One for You and One For Me





Sometimes you have to go on when you don’t feel like it, and sometimes you’re doing good work when it feels like all you’re managing is to shovel shit from a sitting position.”—Stephen King,”
 
 I’m a fellow traveler on this journey into writing. I don’t claim to be an expert, a guru, or a life coach. I’m learning to write, loving what I do, and investigating wise words from writers with silver tongues.
 
 Come, sit down, have a cup of coffee, and together we will investigate some of the life's greater questions regarding being a writer. In this, it will be about screenwritting.
 
 "I detest the word plot,"  wrote Stirling Silliphant, " I never, never think of plot. I think only and solely of character. Give me the characters; I’ll tell you a story–maybe a thousand stories. The interaction between and among human beings is the only story worth telling.”

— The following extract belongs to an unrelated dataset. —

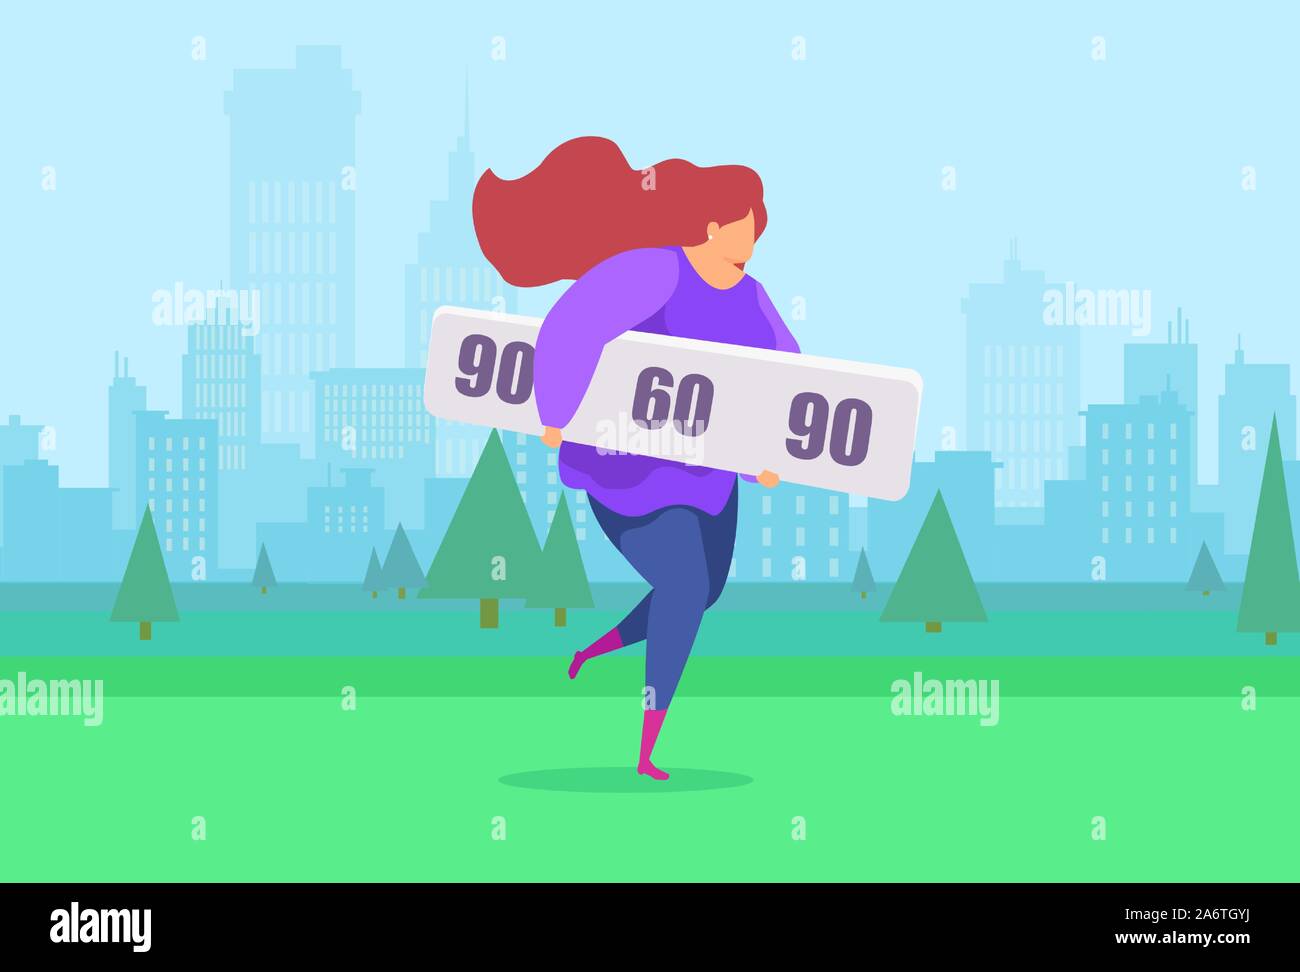 90 Redheads Yoga Pants Images, Stock Photos, 3D objects, & Vectors

“I can pick up a screenplay and flip through the pages. If all I see is dialog, dialog, dialog, I won’t even read it. I don’t care how good the dialog is — it’s a moving picture. It has to move all the time… It’s not the stage. A movie audience doesn’t have the patience to sit and learn a lesson. Their eyes need to be dazzled. The writer is the most important element in the entire film because if it ain’t on the page it ain’t going to be on the screen.”Robert Evans
 
 “Although making a movie can be like trying to write ‘War and Peace’ in a bumper car in an amusement park, when you finally get it right, there are not many joys in life that can equal the feeling.”—Stanley Kubrick
 
“We are the image that we project and in Hollywood” wrote My Blank Page,  Script Magazine's pick for "Website of the Week.  (May 2012).  “It’s extremely important to keep up an image of success: Being busy means you are working and successful. Even if a producer or agent is not busy and does have to time to read your script, they will make you believe they are busy and declare, “I’ve been swamped and I can’t promise when I’ll get to your script.” God forbid if they immediately read your script and get right back to you. That could appear as if they do have free time, and that could mean they are not busy and not successful. It’s a funny game, but appearance is extremely important in this business of illusion. Patience will serve you well in this scenario.”
“I want to give the audience a hint of a scene. No more than that. Give them too much and they won’t contribute anything themselves. Give them just a suggestion and you get them working with you. That’s what gives the theater meaning: when it becomes a social act.”—Orson Welles






 



 

 






Friday, January 18, 2013

Hot or Iced?


Good mornin'.
Time for your second cup of coffee, and sage advice from Jewell's gleamings.
Which do you prefer, hot or iced? Today I'm going with the iced, here the weather has warmed a bit. How is it where you live?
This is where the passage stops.